Markus Markus - 1 month ago 9
C Question

Why do I get a segmentation fault when writing to a string initialized with "char *s" but not "char s[]"?

The following code receives seg fault on line 2:

char *str = "string";
str[0] = 'z';
printf("%s", str);


While this works perfectly well:

char str[] = "string";
str[0] = 'z';
printf("%s", str);


Tested with MSVC and GCC.

Answer

See the C FAQ, Question 1.32

Q: What is the difference between these initializations?
char a[] = "string literal";
char *p = "string literal";
My program crashes if I try to assign a new value to p[i].

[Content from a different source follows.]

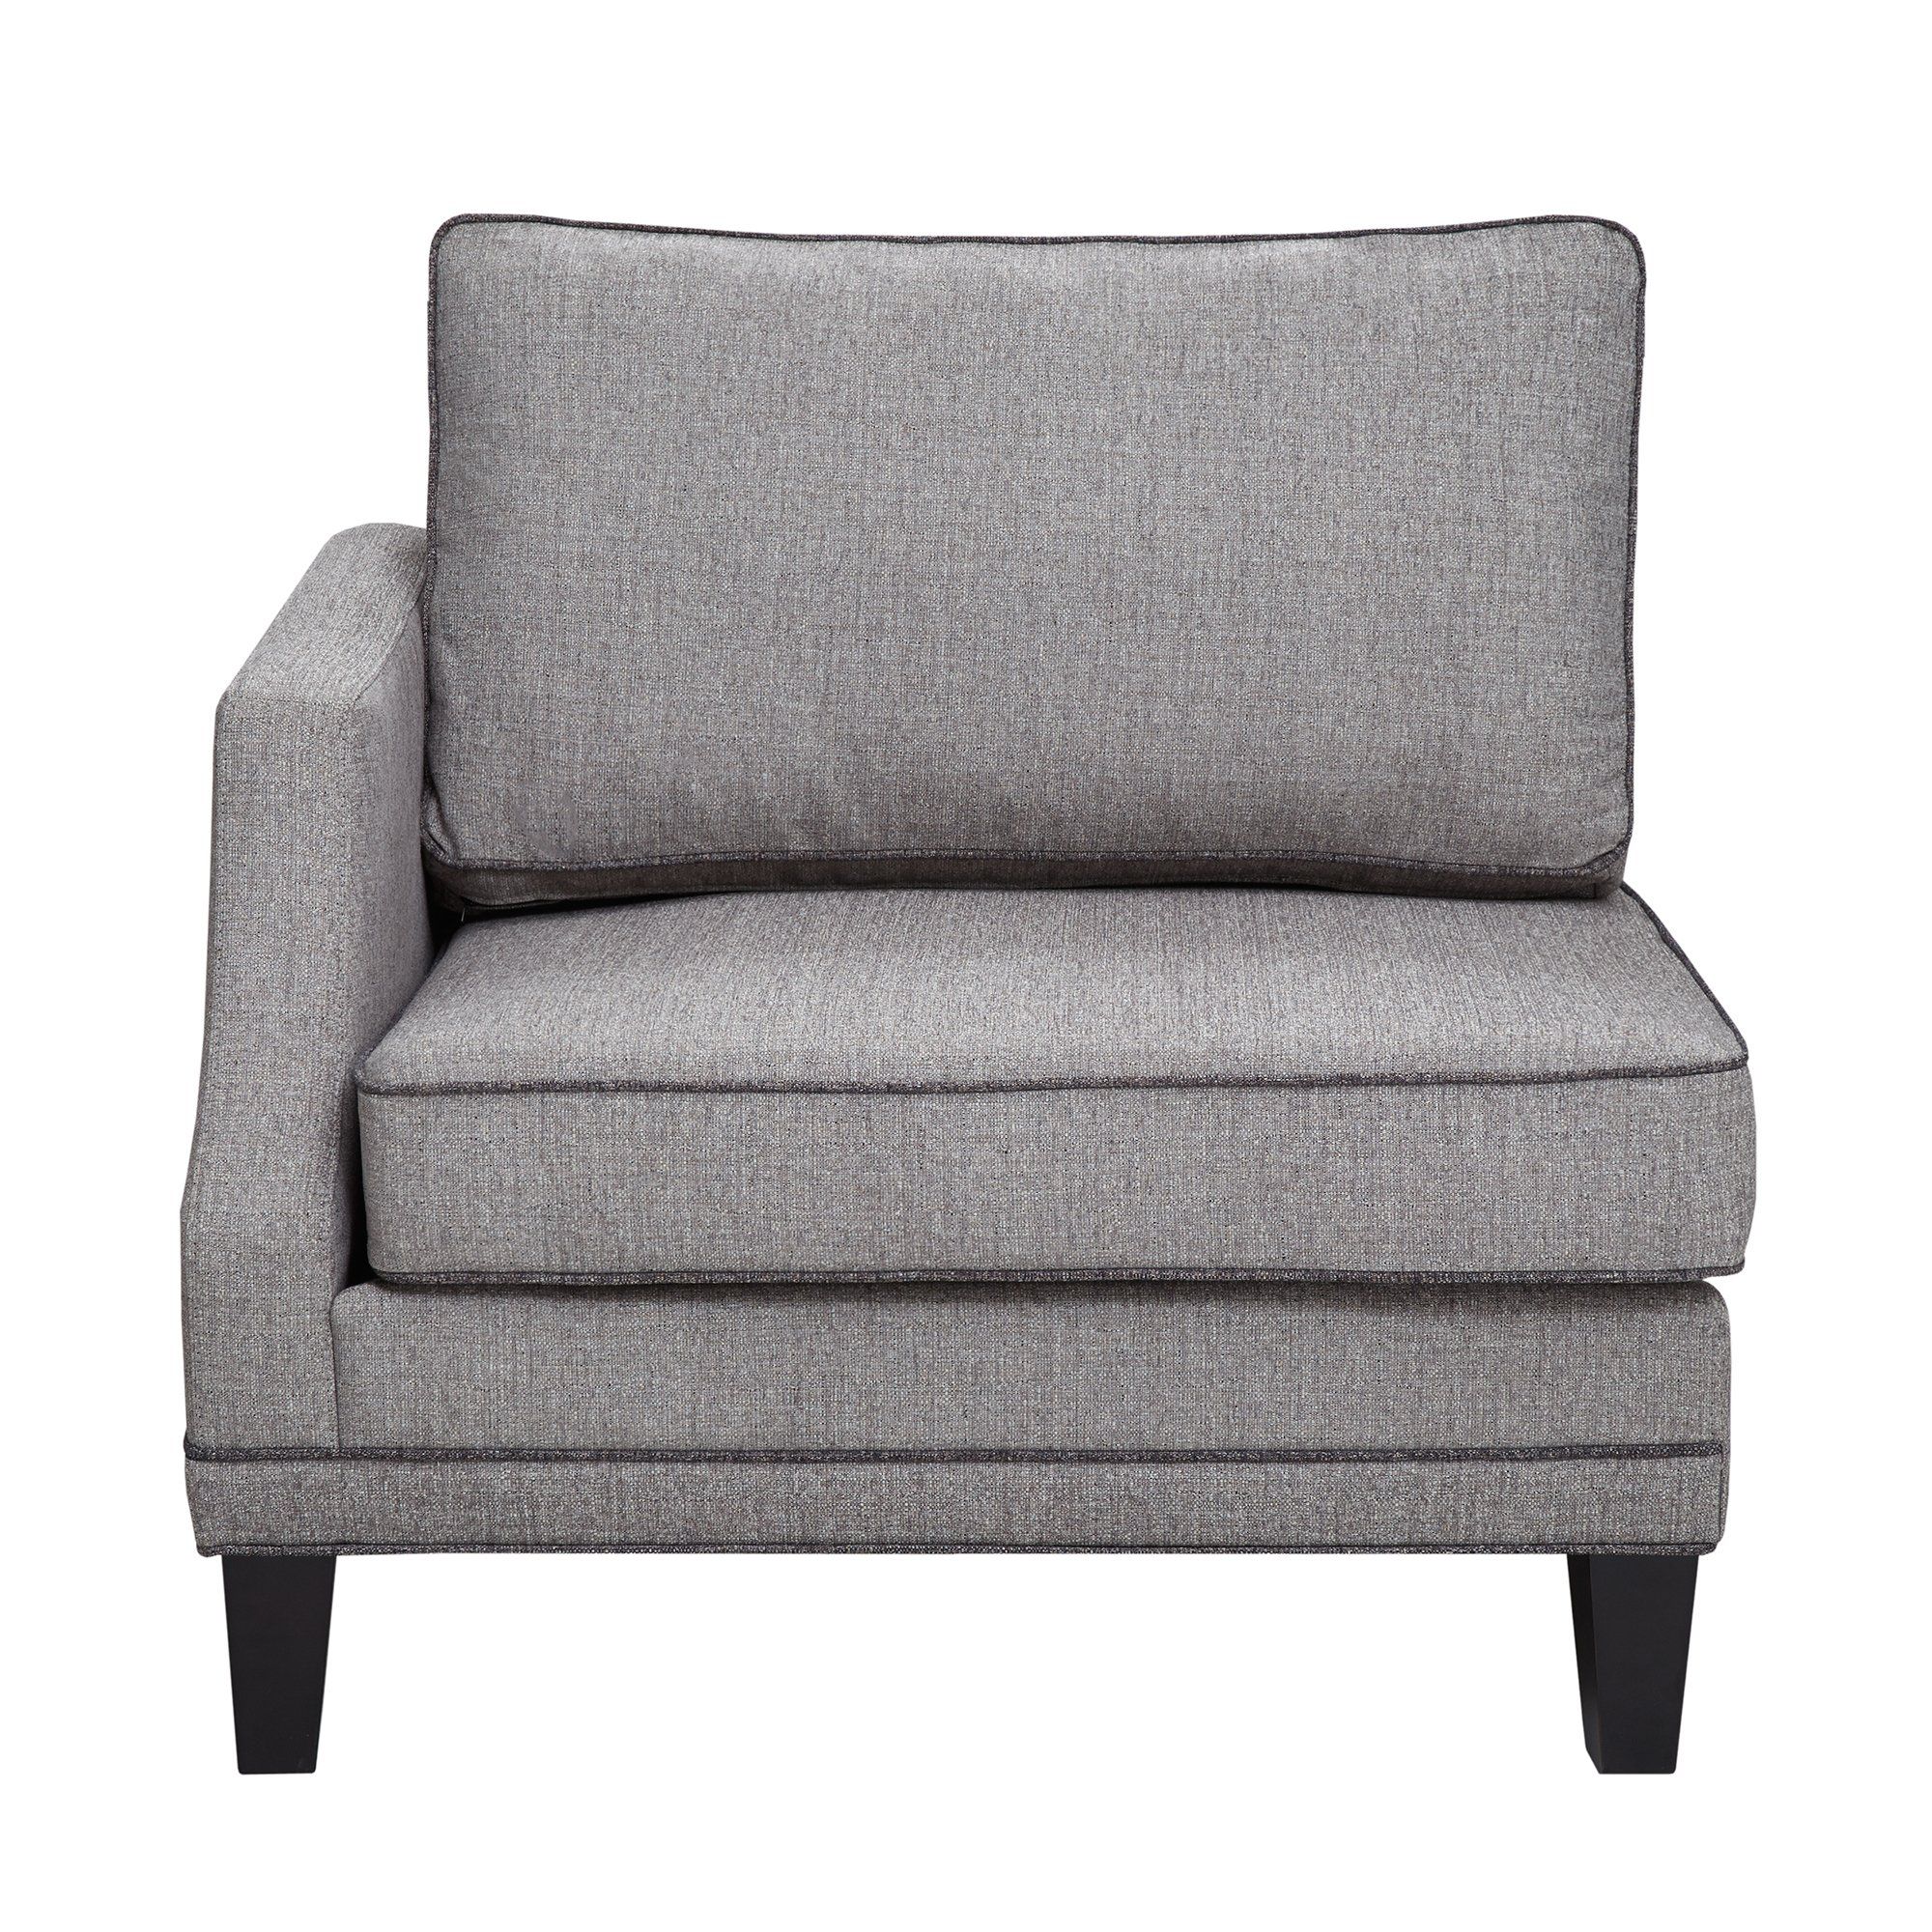 Shop Madison Park Signature Gordon Grey Modular Sectional Sofa Left Regarding Gordon Arm Sofa Chairs (View 8 of 20)

A: A string literal (the formal term for a double-quoted string in C source) can be used in two slightly different ways:

  1. As the initializer for an array of char, as in the declaration of char a[] , it specifies the initial values of the characters in that array (and, if necessary, its size).
  2. Anywhere else, it turns into an unnamed, static array of characters, and this unnamed array may be stored in read-only memory, and which therefore cannot necessarily be modified. In an expression context, the array is converted at once to a pointer, as usual (see section 6), so the second declaration initializes p to point to the unnamed array's first element.

Some compilers have a switch controlling whether string literals are writable or not (for compiling old code), and some may have options to cause string literals to be formally treated as arrays of const char (for better error catching).